Plaisir ou subsistance ? Identités et pratiques alimentaires hier et aujourd’hui
Isst Du noch oder genießt Du schon? Identitäten und Praktiken der Ernährung gestern und heute
Published on Thursday, December 09, 2021
Abstract
Plaisir ou subsistance. Ces deux notions paraissent souvent diamétralement opposées, mais sont néanmoins amenées à se rencontrer dans une multitude de contextes. Par des sujets tels que l’ascèse, les troubles alimentaires ou même les tabous religieux, cette opposition vise à jeter un nouveau regard sur les pratiques alimentaires et les identités qu’elles traduisent, tout en essayant de redonner à la notion du « plaisir » toute sa légitimité scientifique. Cette journée d’étude s’inscrit dans la tradition interdisciplinaire et transnationale des ateliers organisés par le Groupe interdisciplinaire de recherche Allemagne-France (GIRAF-IFFD), association franco-allemande de jeunes chercheurs. Les contributions, en allemand ou en français, pourront être aussi bien issues de l’histoire ou de l’archéologie, de la sociologie, de l’anthropologie, de la géographie ou encore de la psychologie, sans exclure la littérature et les arts.
Announcement
Argumentaire
Qu’est-ce qui détermine et motive nos comportements alimentaires ? Dans la lignée des travaux de l’anthropologue britannique Audrey Richards, les sciences humaines se sont emparées de ce questionnement, mettant en évidence la place centrale de l’alimentation au sein des réseaux sociaux et culturels des communautés humaines [1]. Cette problématique multidimensionnelle a fait émerger au fil des années une pluralité d’approches dans toutes les disciplines des sciences sociales.
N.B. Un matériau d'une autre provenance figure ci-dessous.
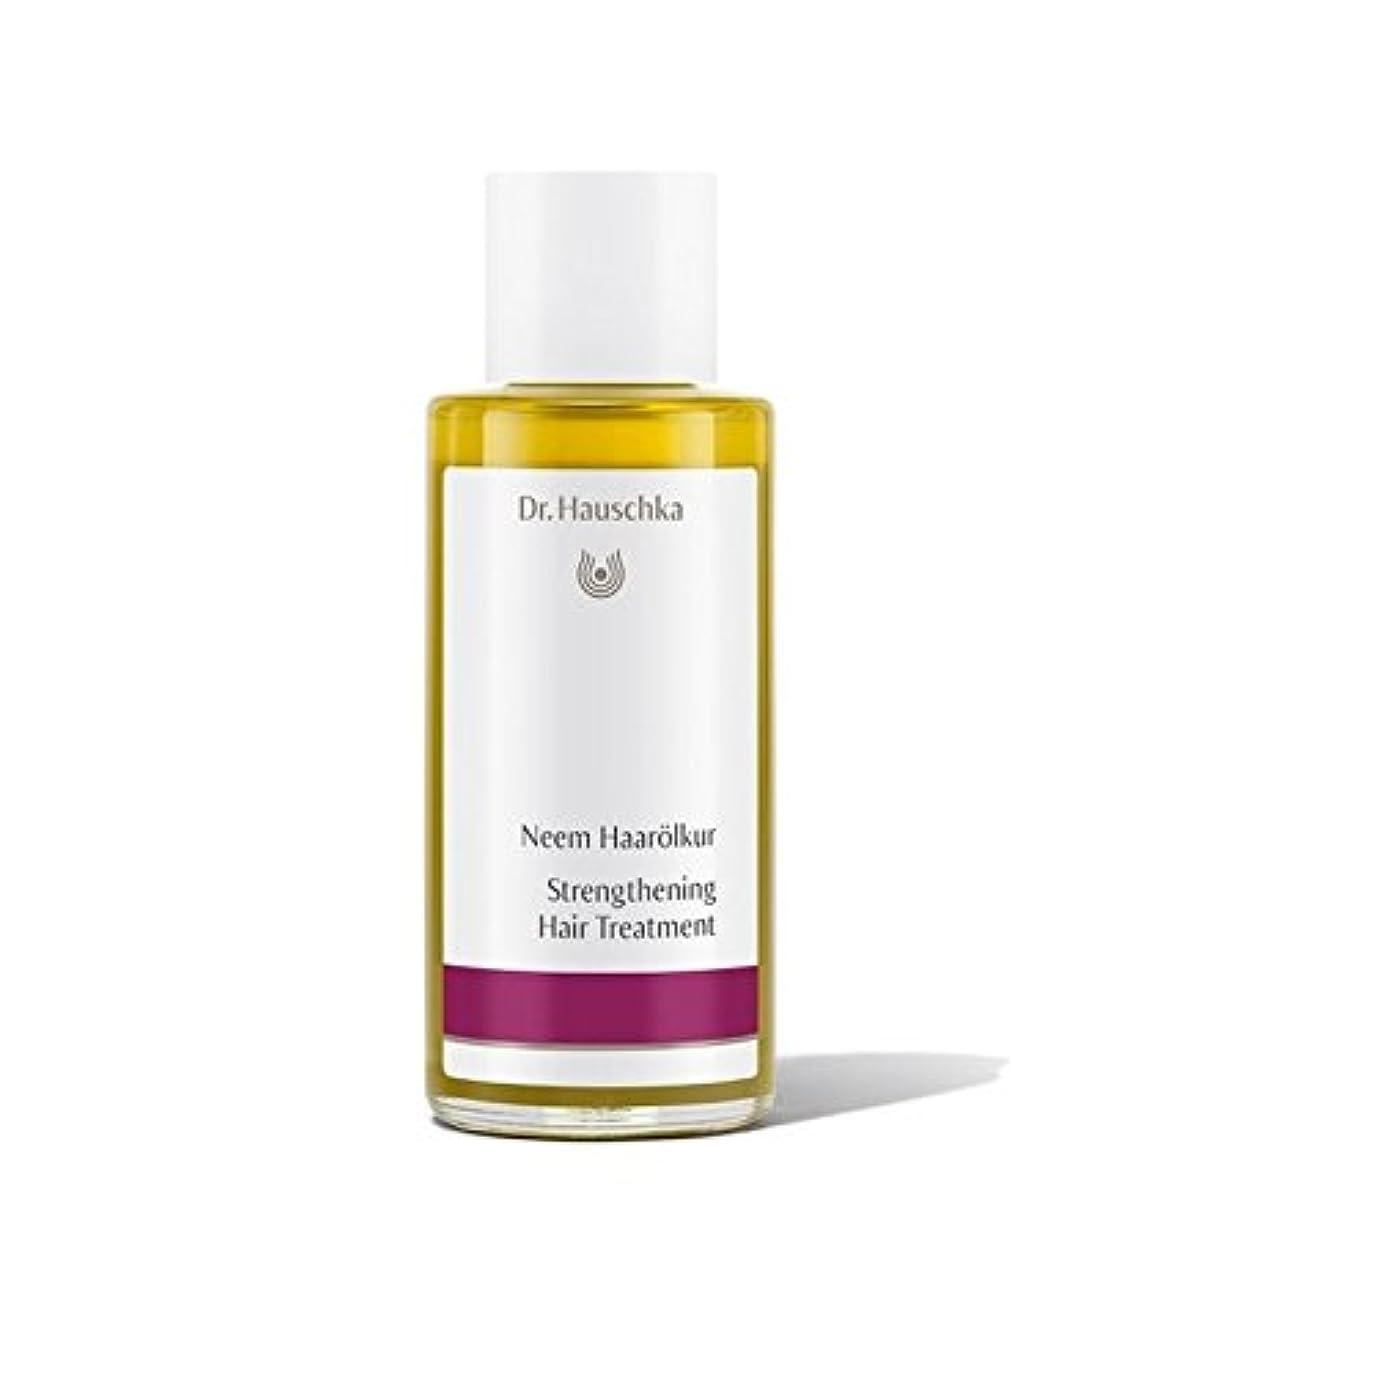 栄養生活エキゾチックDr. Hauschka Strengthening Hair Treatment (100ml) (Pack of 6) - ハウシュカ強化ヘアトリートメント(100ミリリットル) x6 [並行輸入品]

De fait, alors que du côté allemand, la sociologie s’est très tôt emparée du sujet de l’alimentation à travers les recherches de Georg Simmel [2], la recherche française a dû attendre les travaux de Pierre Bourdieu [3], qui attacha une importance toute particulière aux pratiques alimentaires dans ses analyses de l’habitus, ainsi que ceux de l’anthropologue Claude Lévi-Strauss [4], dont la théorie structuraliste repose aussi sur la consommation et la préparation d’aliments. Cette diversité d’approches se retrouve également du côté de l’histoire : les historiens germanophones se sont intéressés très tôt au sujet de l’alimentation dans le cadre de l’histoire des mœurs et la Kulturgeschichte ; les chercheurs français ont quant à eux adopté un prisme plutôt économique et marxiste dans la première moitié du XXe siècle, puis culturaliste avec l’école des Annales. Ce n’est que depuis une vingtaine d’années que la nouvelle approche anglo-saxonne des Food studies a provoqué l’élan universitaire actuel qui tend à renouer le dialogue entre les différents champs disciplinaires et entre les mondes de la recherche de part et d’autre du Rhin.
Nous nous situons donc dans un moment de rapprochement des perspectives allemandes et françaises sur cet objet d’étude. Dans une volonté de prolonger ce dialogue et avec l’ambition de réunir et de confronter ces différentes approches, nous proposons une réflexion franco-allemande et interdisciplinaire au sujet de deux notions aussi élémentaires que cruciales : la subsistance et le plaisir.
Dans le cadre de cette journée d’étude qui aura lieu à Strasbourg le 16 juin 2022, nous invitons les jeunes chercheuses et chercheurs en sciences humaines et sociales qui travaillent sur des questions liées à l’alimentation à interroger les deux termes qui représentent a priori les extrémités opposées sur le spectre des choix alimentaires : manger pour vivre ou vivre pour manger.
Ces notions sont-elles véritablement mutuellement exclusives ? Au-delà de cette dichotomie première, ne pourrions-nous pas les appréhender dans leur interdépendance ? C’est précisément cette dynamique que nous souhaiterions interroger lors de cet atelier.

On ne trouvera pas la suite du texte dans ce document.